In this fortnight’s roundup: the world’s worst multinationals; INTERPOL’s logging concerns; Australian laundry detergent cartel and cement flyash cartel busted by the ACCC; the difficulty of proving an offender’s profits from crime noted in Nurofen case; new funds for ASIC; ASIC v royal commission powers explained; community partnership to assist Indigenous consumers; major UK waste company sentenced for illegal dumping; Canadian corporate sentencing principles summarised; destruction of Canadian threatened species birds nests results in criminal conviction; US medical clinic convicted of drug trafficking, health care fraud and money laundering; the importance of updating environmental permits, and a look at some UK regulatory permits.

“These Days, The Worst Multinational Corporations Have Names You’ve Never Heard” (Global)

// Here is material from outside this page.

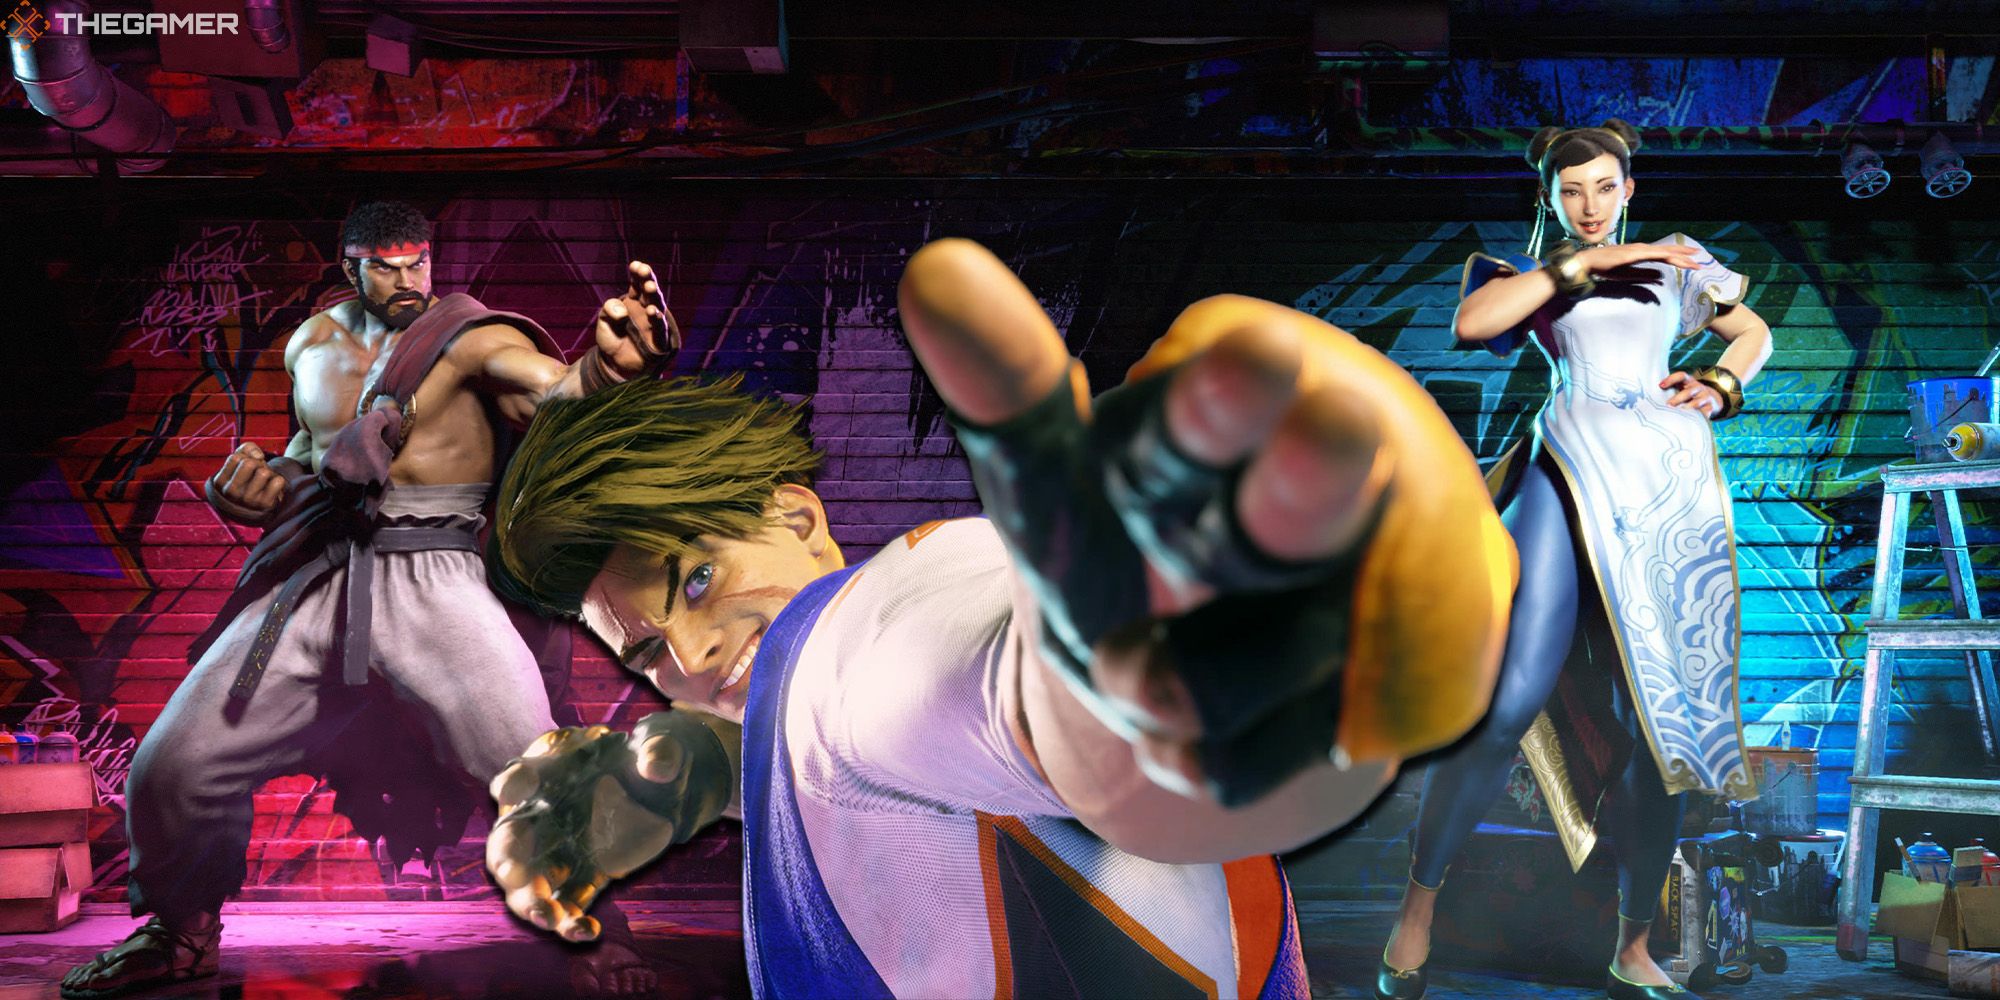 Luke, from Street Fighter 6, sends a jab forward while Ryu and Chun-li stand in the background against a graffiti adorned wall.

Michael Hobbes writes this fortnight about the difficulties that attend when trying to get corporations with no public reputation, and no base or market in the developed world, to act lawfully – or, even more challengingly – to act lawfully and with decency.  Potential damage to reputation has made acting with decency a legitimate financial concern for the major corporations we know by name.  But what about the rest?  According to Hobbes, “[f]or the last 10 years, I’ve worked at an NGO dedicated to preventing multinational corporations from violating human rights. Here’s why every actor in the West that could have prevented what happened in Chisumbanje — the media, the international agencies, my own NGO — is becoming increasingly powerless to do so.”

INTERPOL Warns Consumers About Corruption In The Logging Industry (Global)

INTERPOL’s Earth Day message was to warn consumers about corruption in the global timber supply chain undermining efforts to protect the environment.

I’ll Stop Selling Standard Concentrate Laundry Powder If You Guys Do! (Aus – civil)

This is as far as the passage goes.